What was the evidence in favor of the NYC travel ban? An affidavit with nothing more than a series of conclusory statements. The entire evidence in support of the travel ban was an affidavit from a former gun-licensing official. He speculated that licensed New York City handgun owners transporting unloaded handguns outside the city might perpetrate “road rage.” Without a strong, definitive ruling from the US Supreme Court, logic like this is what will determine whether or not you get to keep your natural rights.
And let’s not forget the attacks on the US Supreme Court members themselves. After the disgraceful attacks during Associate Justice Brett Kavanaugh’s confirmation hearings, the possibility of his impeachment was openly discussed. This, as well as the so-called “grassroots” movement by graduates to remove him from his position as a lecturer at Harvard Law School and other positions, is nothing more than an attempt to intimidate him into tempering his rulings.
Even more blatant was the brief five Democratic Senators filed in response to the New York State Rifle & Pistol Association v. City of New York case itself. They argued: “The Supreme Court is not well. And the people know it,” said the brief, filed in August by Sens. Sheldon Whitehouse, D-R.I., Richard Blumenthal, D-Conn., Mazie Hirono, D-Hawaii, Richard Durbin, D-Ill., and Kirsten Gillibrand, D-N.Y. “Perhaps the Court can heal itself before the public demands it be ‘restructured in order to reduce the influence of politics.'”
The threat is crystal clear. If the court rules against the City of New York, it will be restructured to a more liberal point of view. If that isn’t the definition of political influence of a Supreme Court case, nothing is.
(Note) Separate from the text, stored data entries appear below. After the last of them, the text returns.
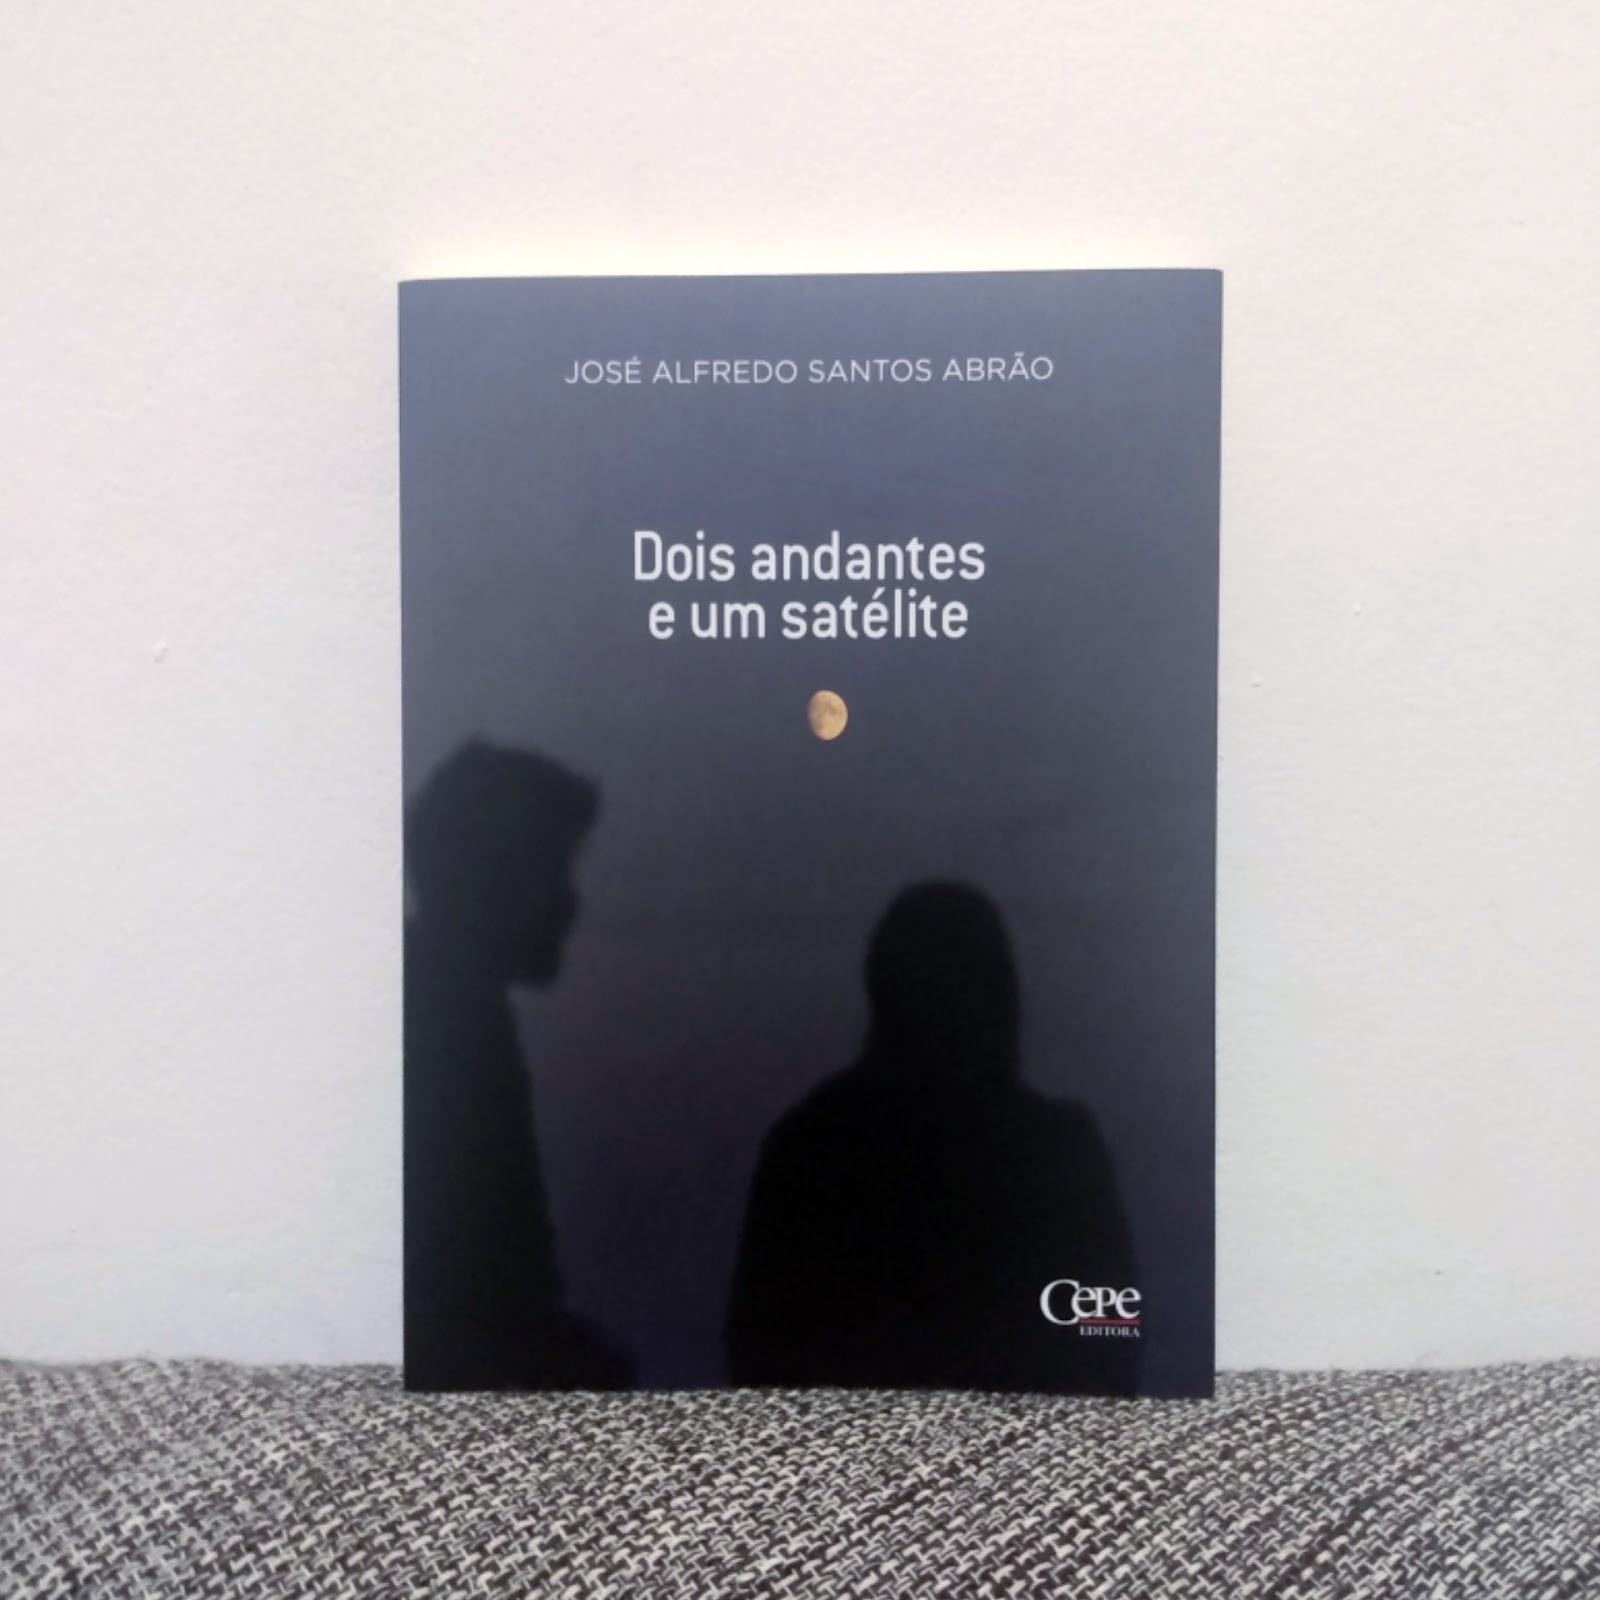 Capa de Dois andantes e um satélite, novela de José Alfredo Santos Abrão, editora Cepe
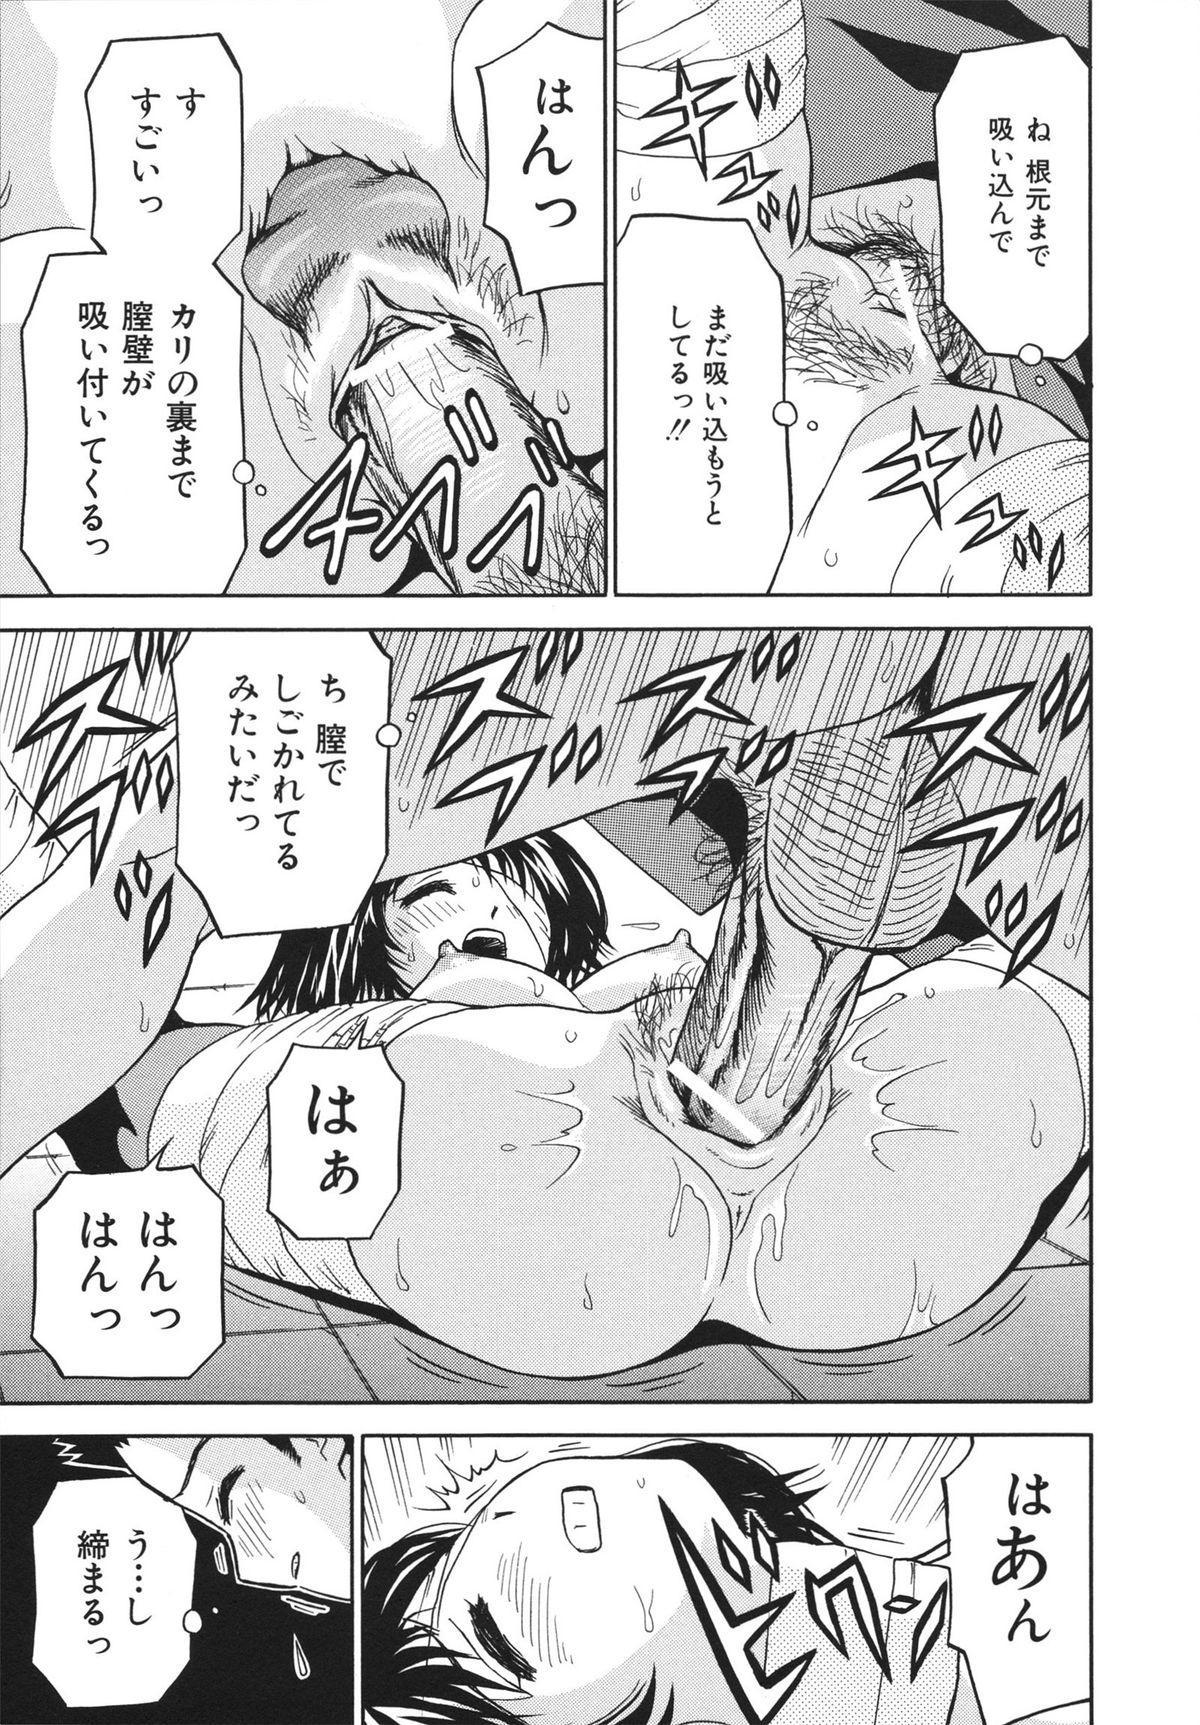 Houtai Shoujo - Bandage Girl 42
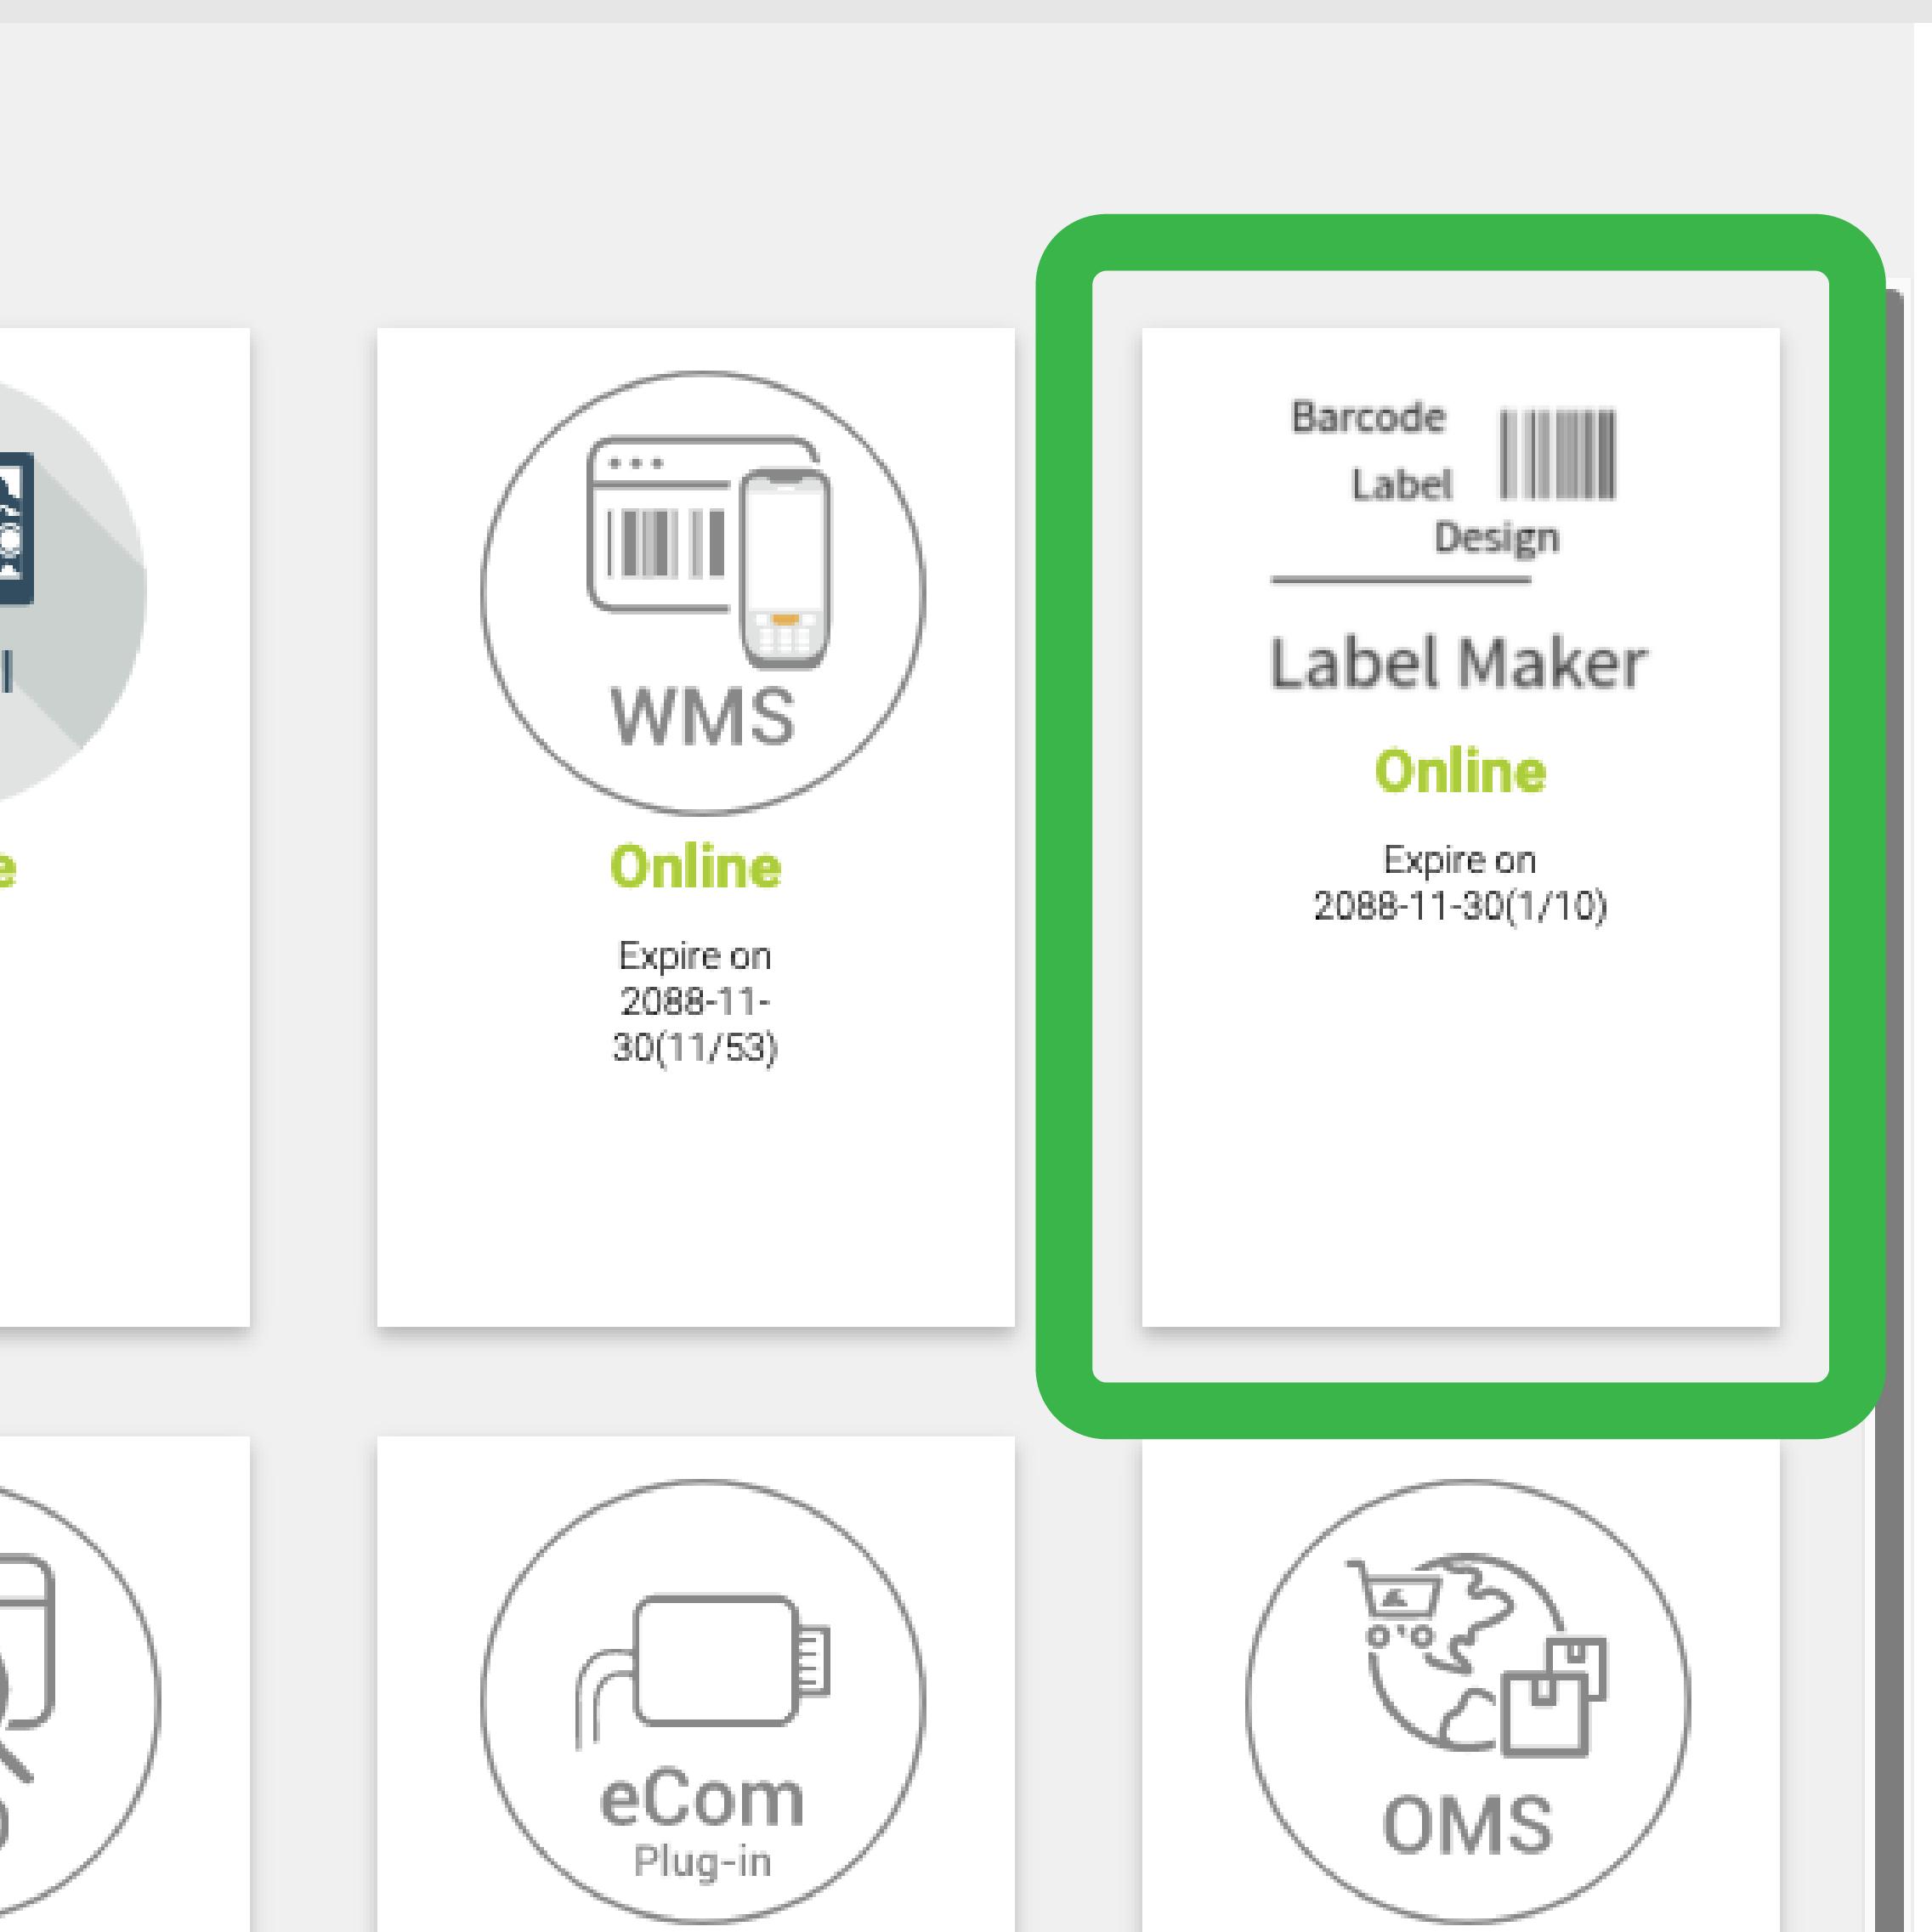 Label_Maker

So there you have it. If the case is ruled moot, the City of New York will be free to un-reverse their regulations and restrict law-abiding citizens in new and creative ways until another case makes it back to the US Supreme Court, just in time to be moot again. OR, the court can rule against the City of New York and establish the proper procedure for all Second Amendment cases – and risk being restructured to the point where it is no longer able to make any non-politically approved ruling.
Who is to blame for having a non-independent judicial branch of our government? We are… all of us citizens / voters who have allowed our representatives to make a mockery out of the Constitution and Bill of Rights. Who we vote for has consequences and we’ve only begun to see how bad it can be.